2
votes

I have two logical vectors and I want to measure how close (similar) the TRUE values are. So for example if we have these two vectors:

df<- data.frame(c(T,F,F,F,T,T,F,T),c(F,T,F,T,F,T,F,T))

And I tried this:

sum((df[1]&df[2])==T)
[1] 2

But the problem is that I only have the number of TRUE that are at the same place, but I'd like to know how close they are and compare different vectors with this method. I know for numerical vectors there are ways to do that (euclidian distance for example) but I didn't find any equivalent for logical vectors.

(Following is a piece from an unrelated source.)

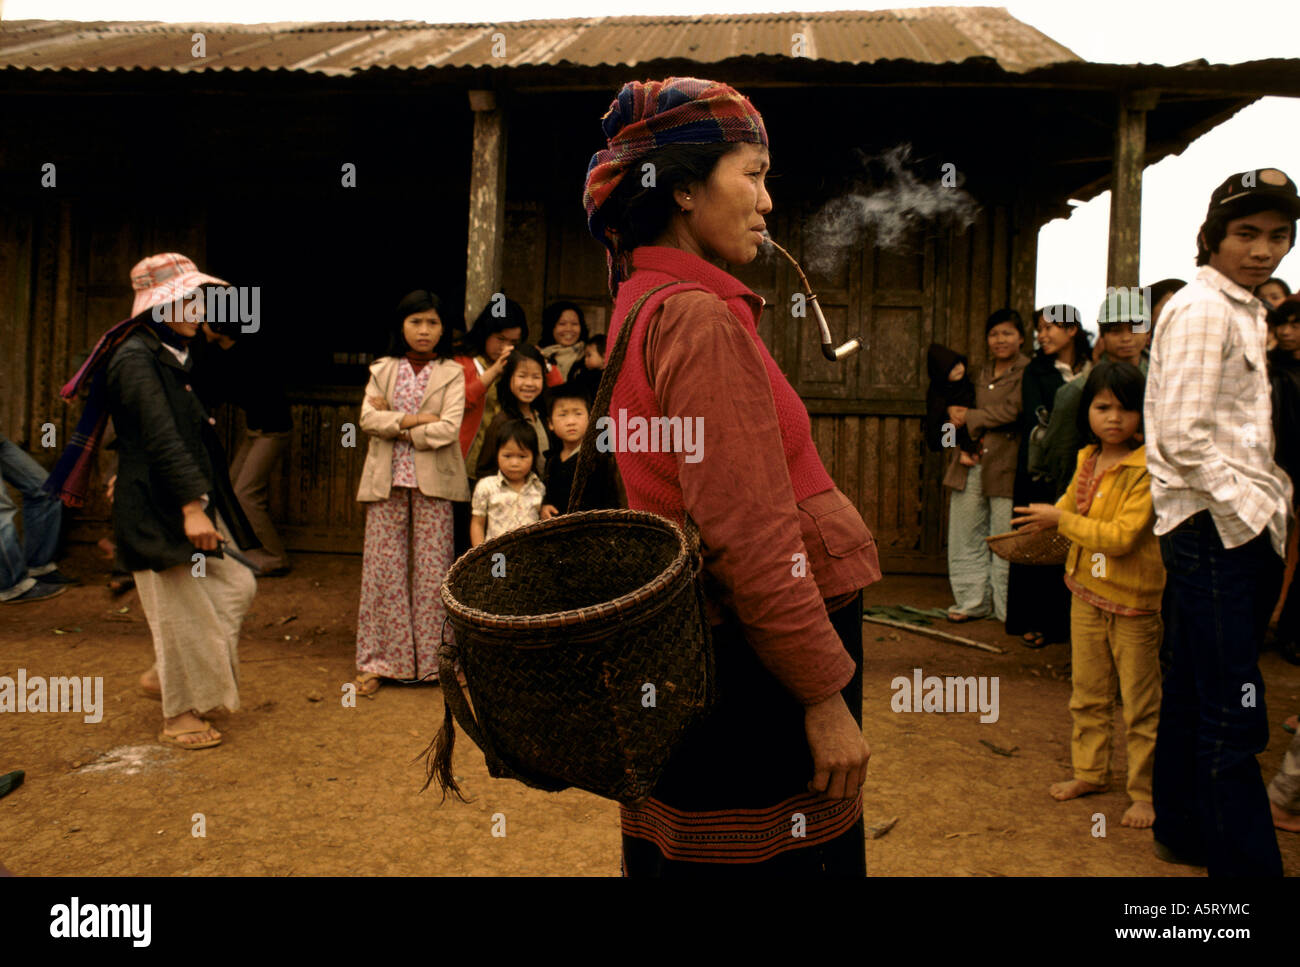 VIETNAM, TRIBAL MONTAGNARD WOMEN IN TRADITIONAL DRESS Stock Photo

EDIT: It is important that the position of the values changes the similarity between the two vectors, for example in this dataframe:

  [,1] [,2] [,3] [,4]
a    1    0    0    0
b    0    1    0    0
c    0    0    0    1

The similarity between vector a and b should be greater than between b and c

1
Maybe try: sum(abs(df[1] - df[2])) or sqrt(sum((df[1] - df[2])^2))GKi
You only have two values, T and F. Measuring how close the T values are is the same as measuring how close the F values are. Think of them as numbers, 1's and 0's. You can measure the distance between two vector using the norm of their difference. That could be an L1 norm (count how many values are different), or L2 norm (Euclidean distance), or any other norm function that fits your needs.Aziz
Sound more like a stats question. Voted to move to stats.stackexchange.com. See e.g. How to get correlation between two categorical variableHenrik
or sum(df[1] != df[2])GKi

1 Answers

2
votes

ade4 package has a convenient function dist.binary() to calculate various distances/indices for binary data (think of the TRUE/FALSE as of 1/0). You might want to look up details about simple matching coefficient or jaccard index, here is a paper dealing with similarity measures on categorical data.

For instance similarity using Simple matching coefficient:

names(df) <- c("a", "b")
df <- t(as.matrix(sapply(df, as.numeric)))

ade4::dist.binary(df, method = 2L)
          a
b 0.7071068